= Virgo Consortium =

The Virgo Consortium was founded in 1994 for Cosmological Supercomputer Simulations in response to the UK's High Performance Computing Initiative. Virgo developed rapidly into an international collaboration between a dozen scientists in the UK, Germany, Netherlands, Canada, United States and Japan.

==Nodes==

The largest nodes are the Institute for Computational Cosmology in the UK and the Max Planck Institute for Astrophysics in Germany. Other nodes exist in the UK, Netherlands, Canada, USA and Japan.

==Science Goals==

The science goals are to carry out state-of-the-art cosmological simulations with research areas in:

- The large-scale distribution of dark matter
- The formation of dark matter halos
- The formation and evolution of galaxies and clusters
- The physics of the intergalactic medium
- The properties of the intracluster gas

==Projects==

- The Millennium Simulation
- Galaxy Simulations
- First Objects
- Dark Matter Halos
- Intergalactic Medium
- Semi-Analytical Galaxy Formation
- Hubble Volume
- Mock Catalogues
- GIF Project
- Evolution and Assembly of GaLaxies and their Environments (EAGLE)
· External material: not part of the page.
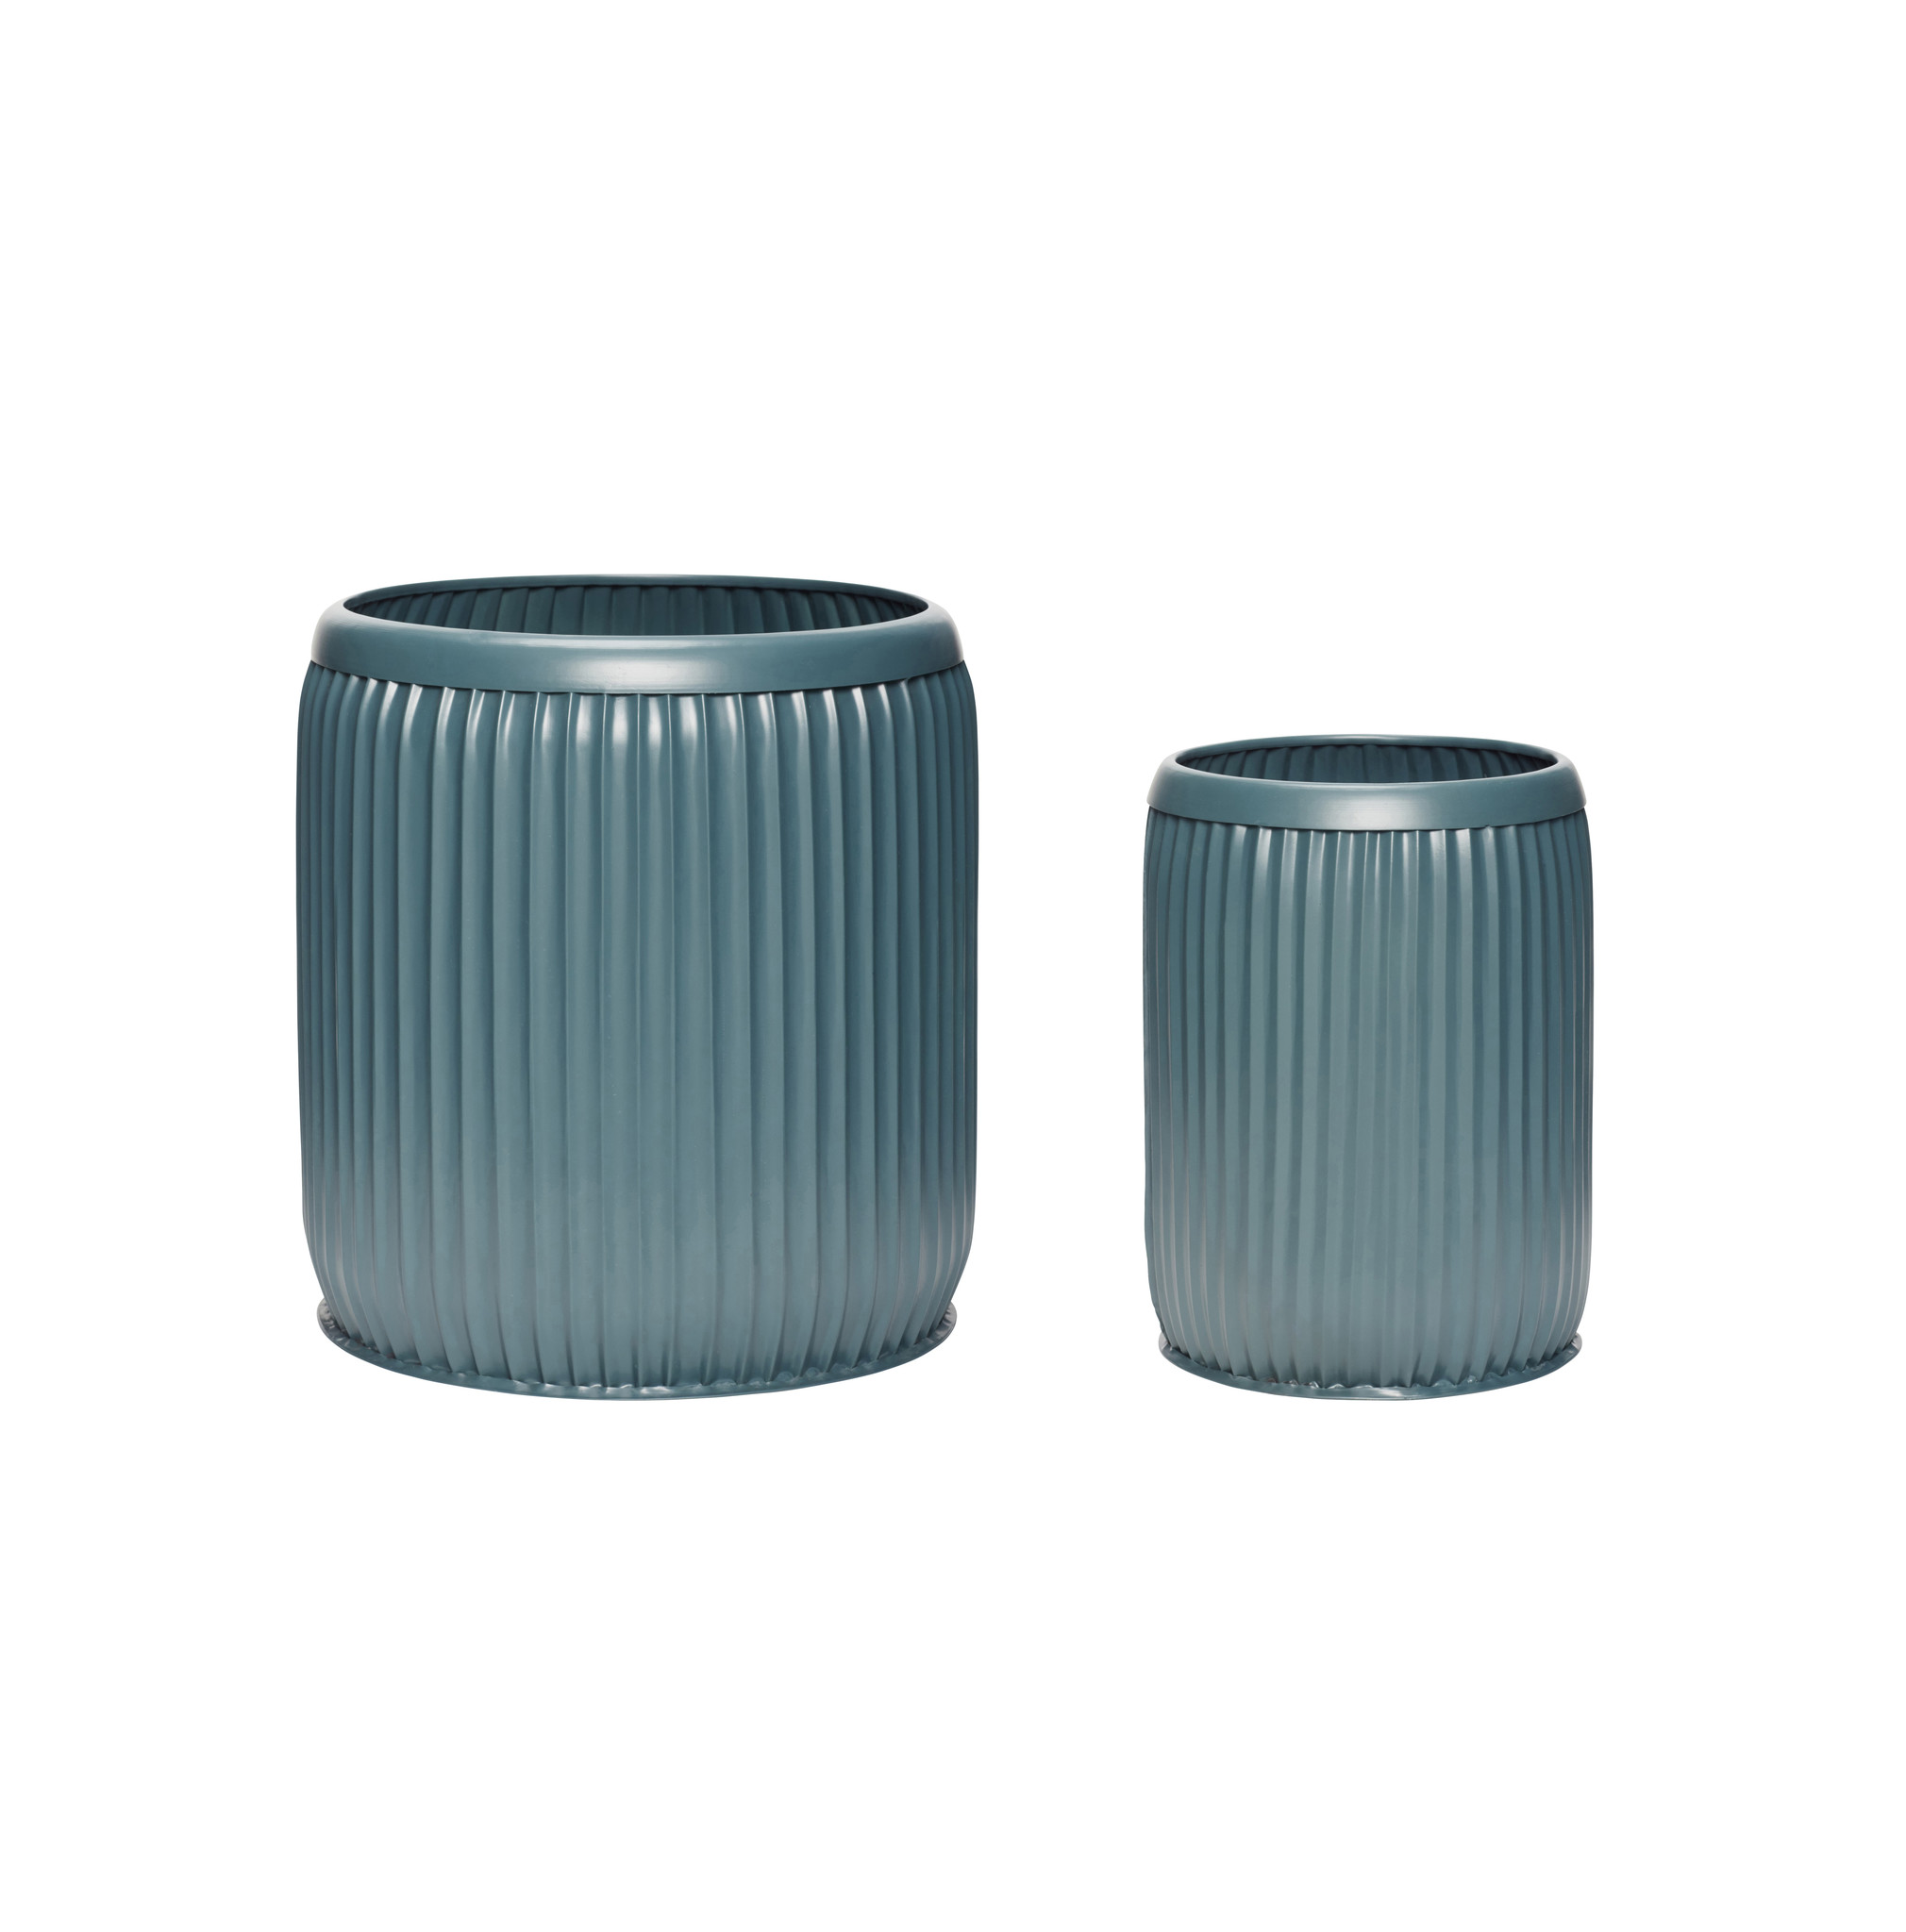 Hubsch Pot, metaal, donkergroen, set van 2-390802-5712772067697

===The Millennium Simulation===

This N-body simulation used more than 10 billion particles to trace the evolution of the matter distribution in a cubic region of the Universe over 2 billion light-years on a side. The first results that were published in 2005 in an issue of Nature, shows how comparing such simulated data to large observational surveys can improve the understanding of the physical processes underlying the buildup of real galaxies and black holes.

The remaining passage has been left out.